Le président américain Joe Biden Mardi La Russie a menacé de restreindre les exportations et d’autres sanctions sévères si elle envahissait à nouveau l’Ukraine. La Russie nie tout plan de ce type mais a 100 000 soldats massés à la frontière ukrainienne. Malgré tous ses discours durs, l’UE aura du mal à verrouiller économiquement Moscou.

Prenez le commerce. L’Allemagne a exporté pour 25 milliards de dollars de marchandises vers la Russie en janvier-novembre de l’année dernière, juste derrière la Chine et confortablement plus de 15 milliards de dollars expédiés des États-Unis. D’autres ne sont pas en reste. L’Italie serait réticente à perdre 11 milliards de dollars d’exportations vers la Russie au cours de la même période, soit environ 1 % de son PIB. La France a expédié une quantité similaire.

Dans l’autre sens, la Russie est le principal fournisseur de pétrole, de gaz naturel et de charbon de l’Union européenne. Mais alors que l’Allemagne tire jusqu’à trois quarts de ses importations de gaz naturel hors UE de Russie, la proportion est inférieure à la moitié pour la France et inférieure à un quart pour l’Espagne, selon les données d’Eurostat. Des offres. L’Allemagne est donc plus incitée à éviter l’interdiction du gaz.

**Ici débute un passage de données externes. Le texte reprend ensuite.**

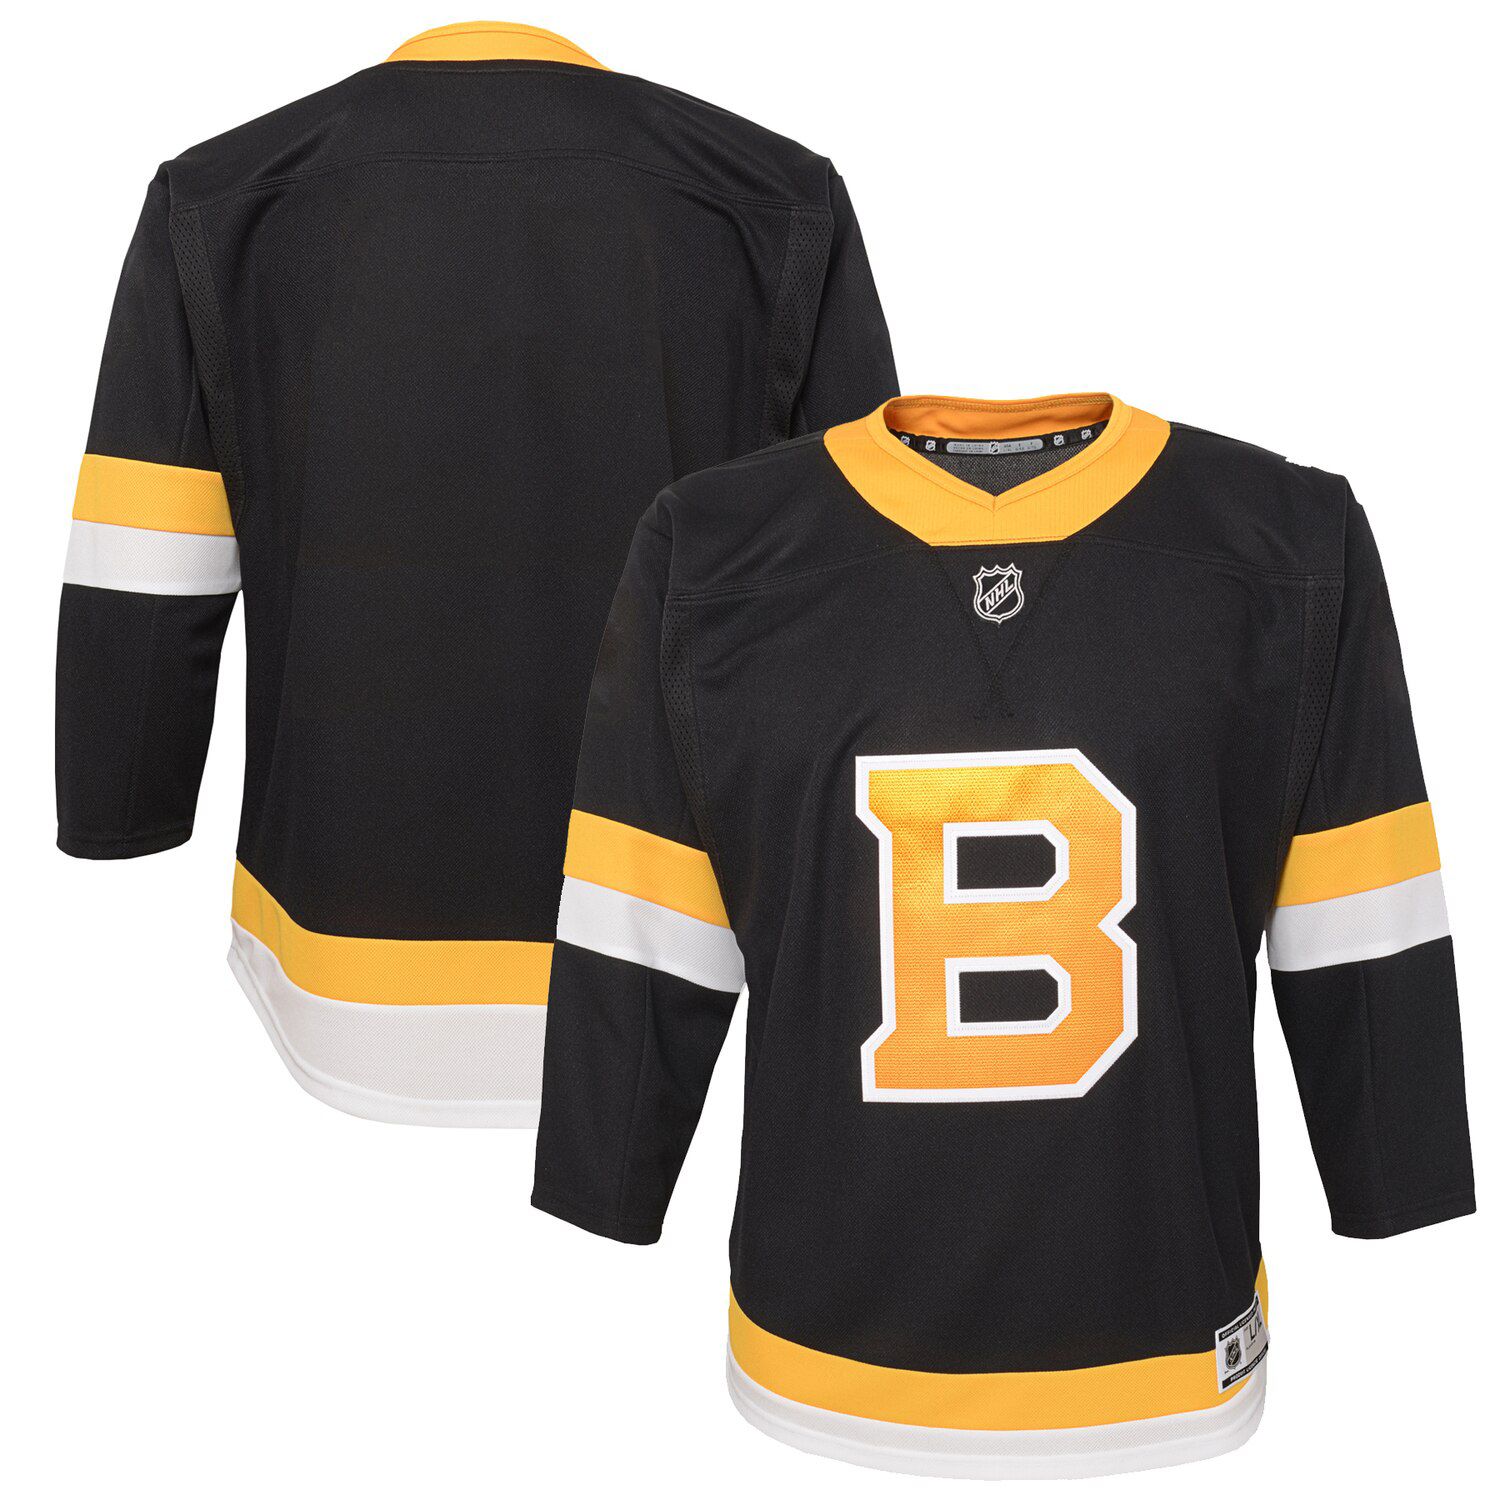 Youth Black Boston Bruins Alternate

Des entreprises comme l’italien Pirelli (PIRCMI), dont le patron devait recevoir l’appel de Poutine, investissent également directement, avec des usines dans le pays de 145 millions d’habitants. UniCredit et la Société Générale française (SOGN.PA) possèdent toutes deux deux banques russes, bien que la première ait refroidi son projet d’acheter une autre banque Lire la suite. La Commission européenne a déclaré que l’Union européenne avait investi 311 milliards d’euros en Russie en 2019. Les flux ont fortement ralenti en 2020, mais l’Allemagne est restée le plus grand investisseur extérieur de Russie, avec 26 projets, selon un consultant d’EY.

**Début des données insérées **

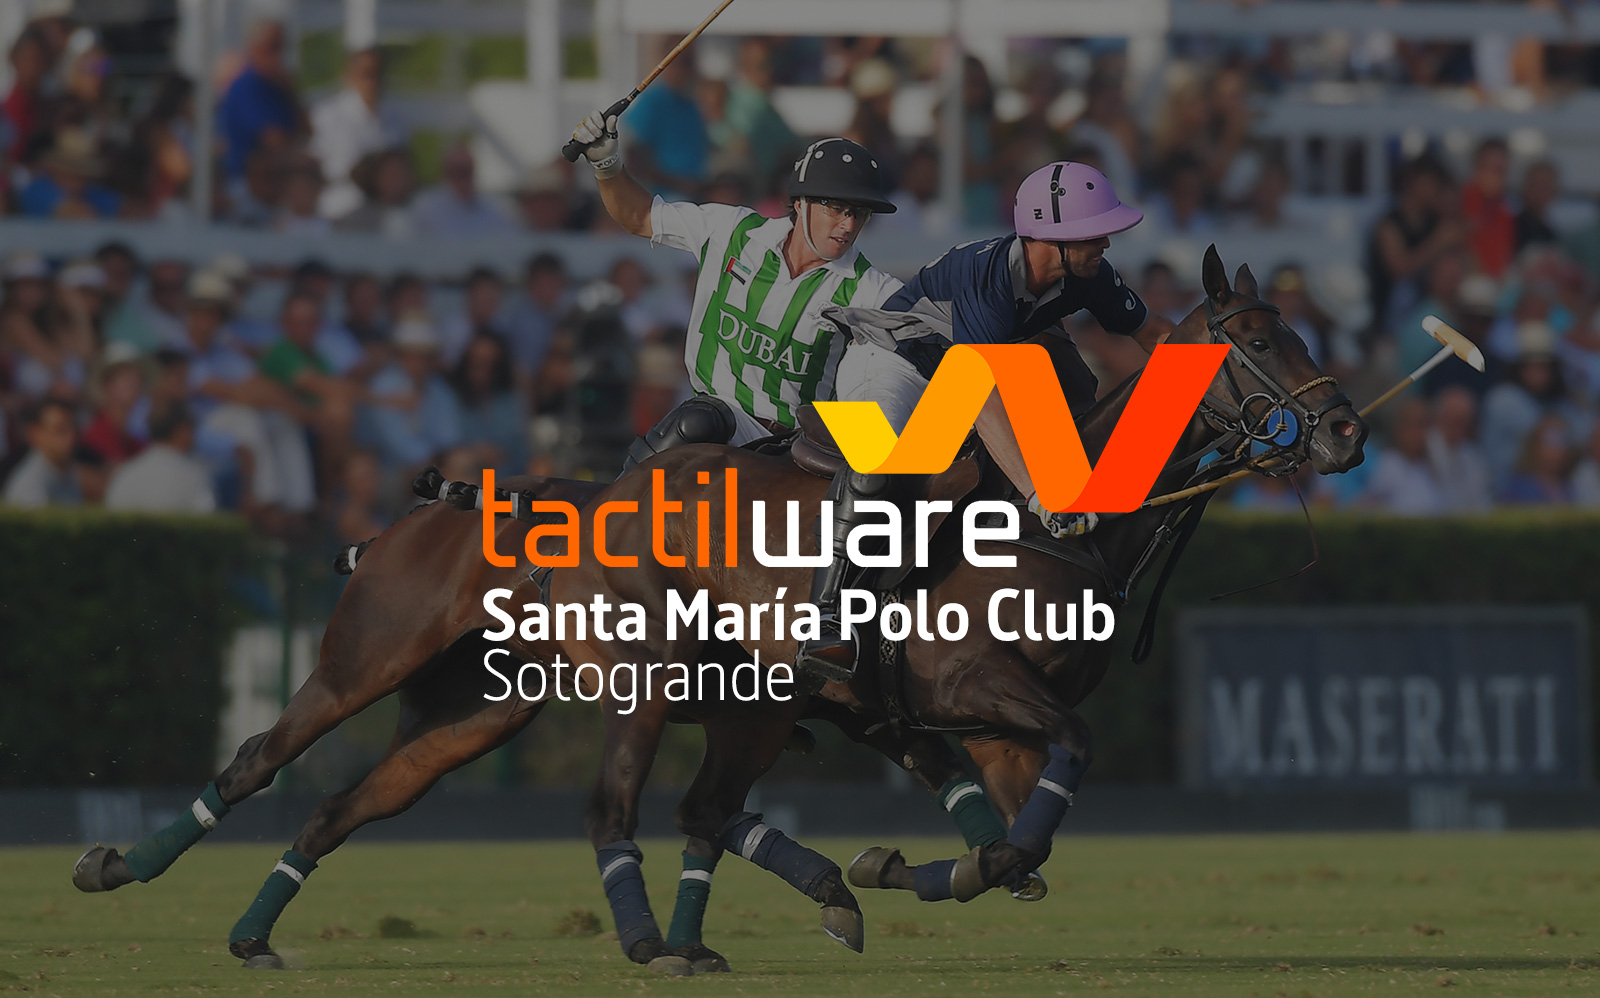 46º Torneo Internacional de Polo en Santa María Polo Club de Sotogrande

Les politiciens européens à la retraite resserrent les liens. L’ancien chancelier allemand Gerhard Schroeder est président du conseil d’administration de la compagnie pétrolière publique Rosneft (ROSN.MM) et du comité des actionnaires de la société Nord Stream de Gazprom. L’ancienne ministre autrichienne des Affaires étrangères, Karin Kneissl, est membre du conseil d’administration de Rosneft. Un ancien Premier ministre français a des liens avec le géant pétrochimique Sibur. De tels chiffres pourraient faire pression contre les sanctions les plus sévères contre la Russie et son économie déjà stagnante. Tout cela sert Poutine.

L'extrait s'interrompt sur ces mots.